Activity: Please retype the listing exactly as it appears, skipping each picture.

Information shown:
=-=-=-=-=

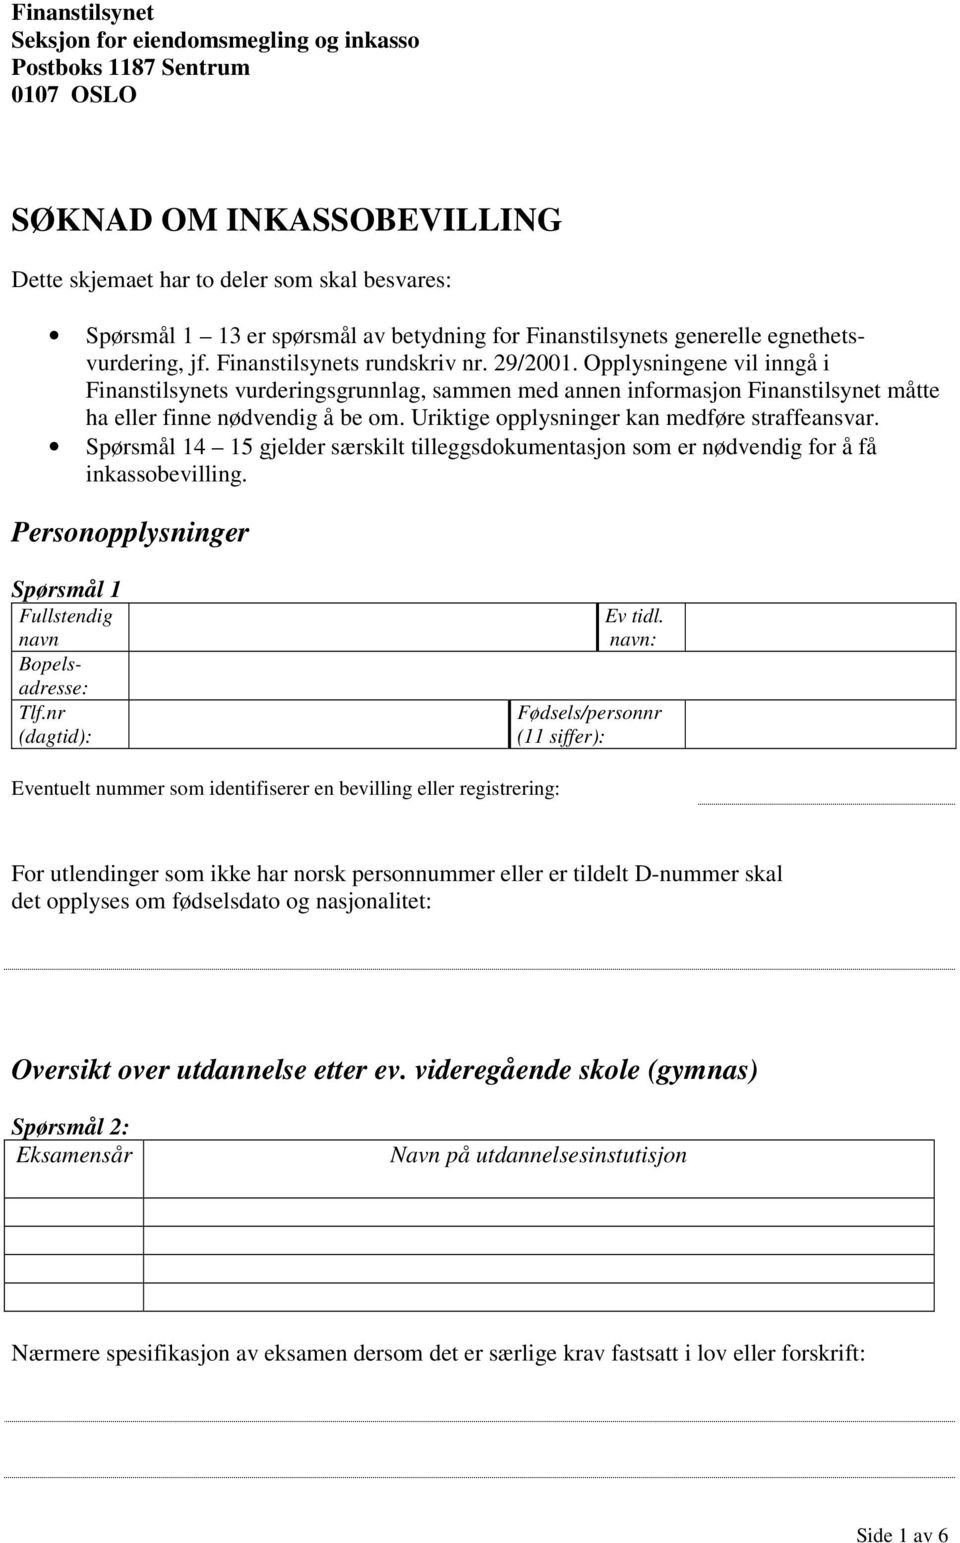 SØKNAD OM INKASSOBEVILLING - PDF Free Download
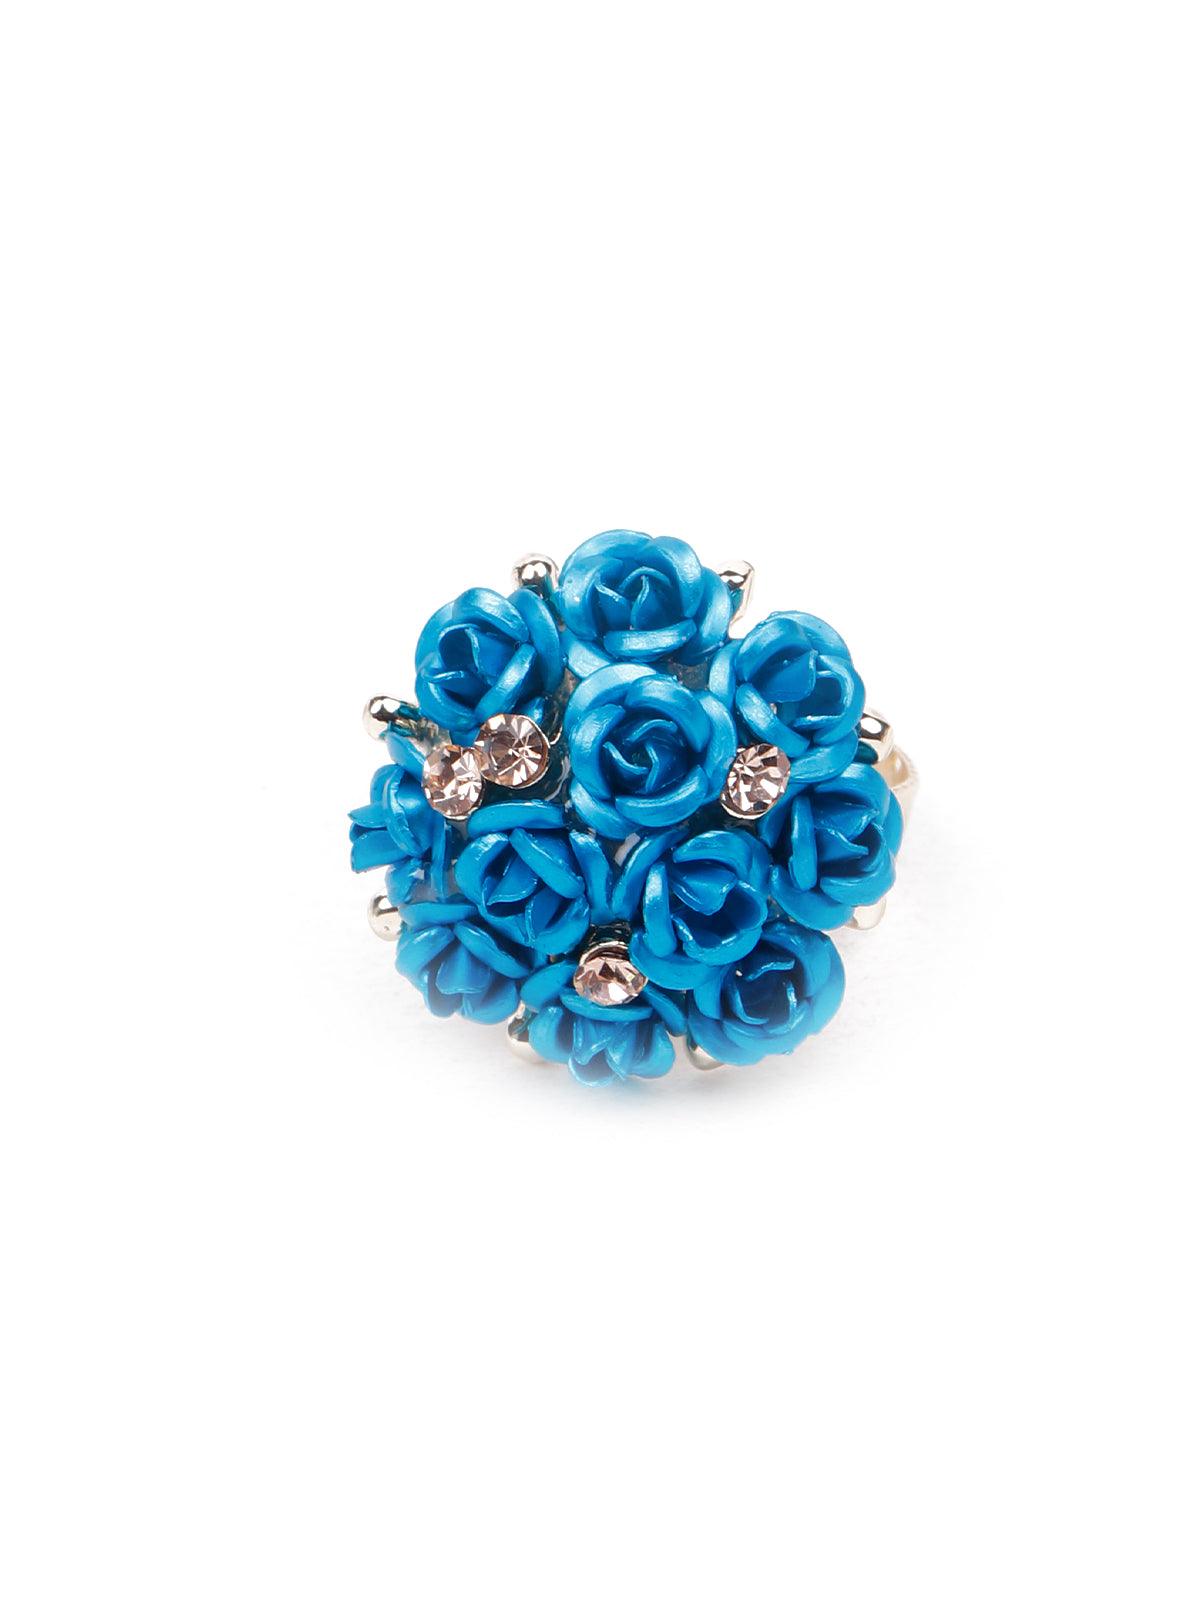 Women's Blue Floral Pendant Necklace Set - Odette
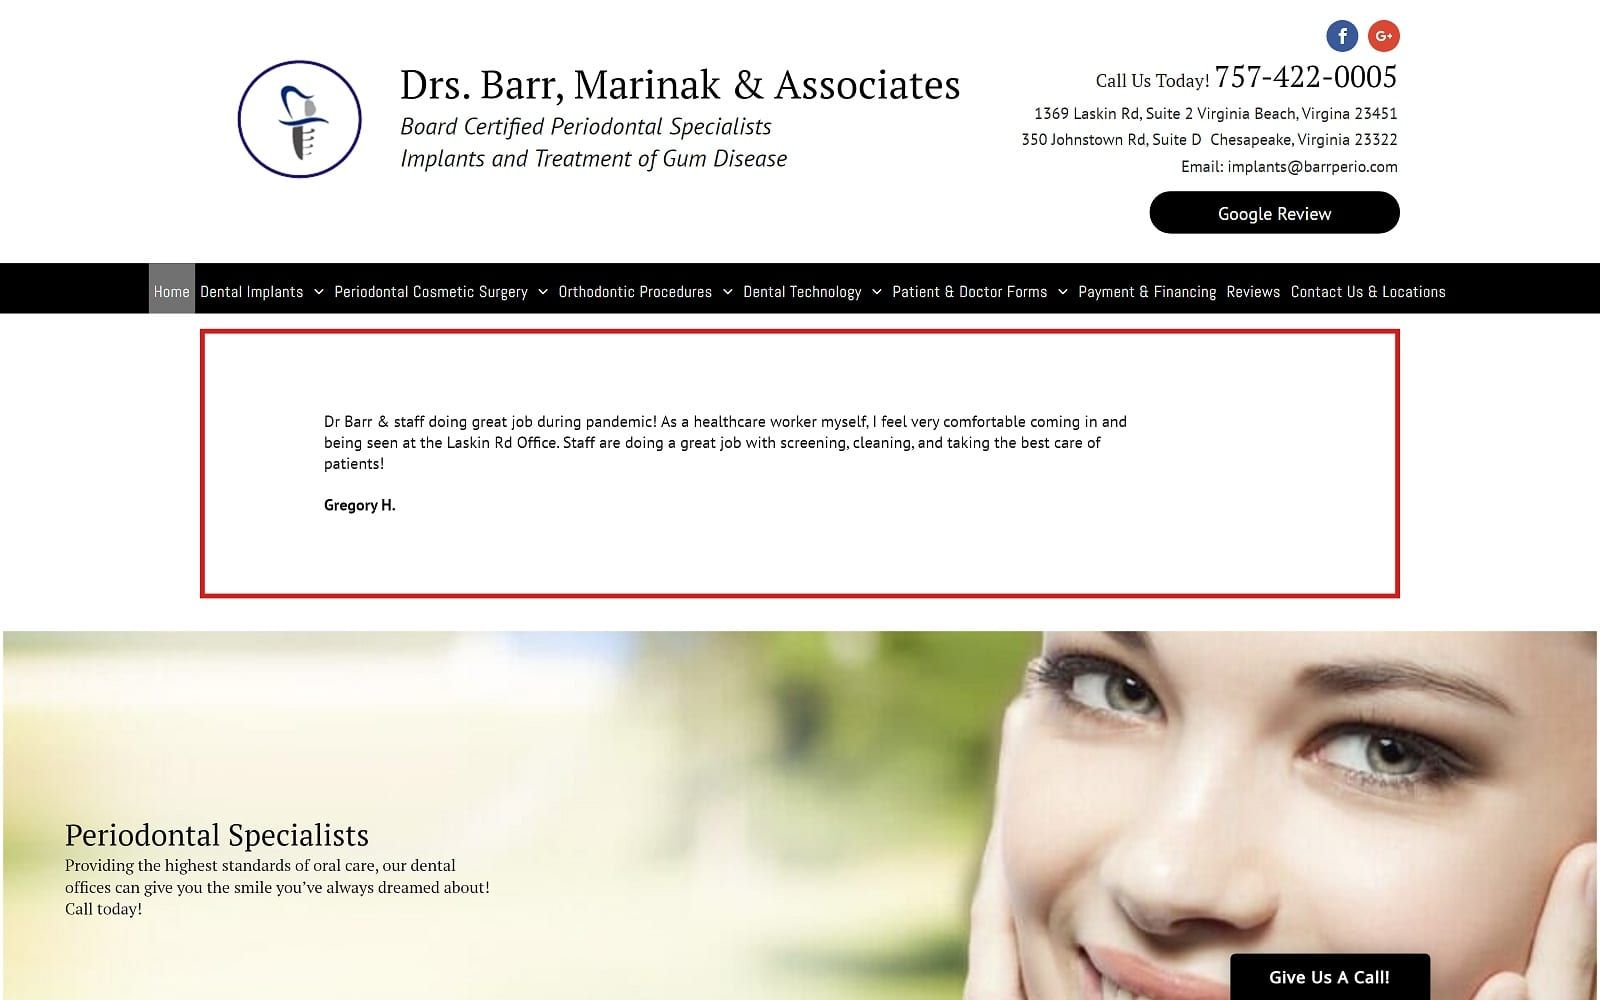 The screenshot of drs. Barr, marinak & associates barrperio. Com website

=-=-=-=-=

Response area:
 SØKNAD OM INKASSOBEVILLING - PDF Free Download
 Women's Blue Floral Pendant Necklace Set - Odette
 The screenshot of drs. Barr, marinak & associates barrperio. Com website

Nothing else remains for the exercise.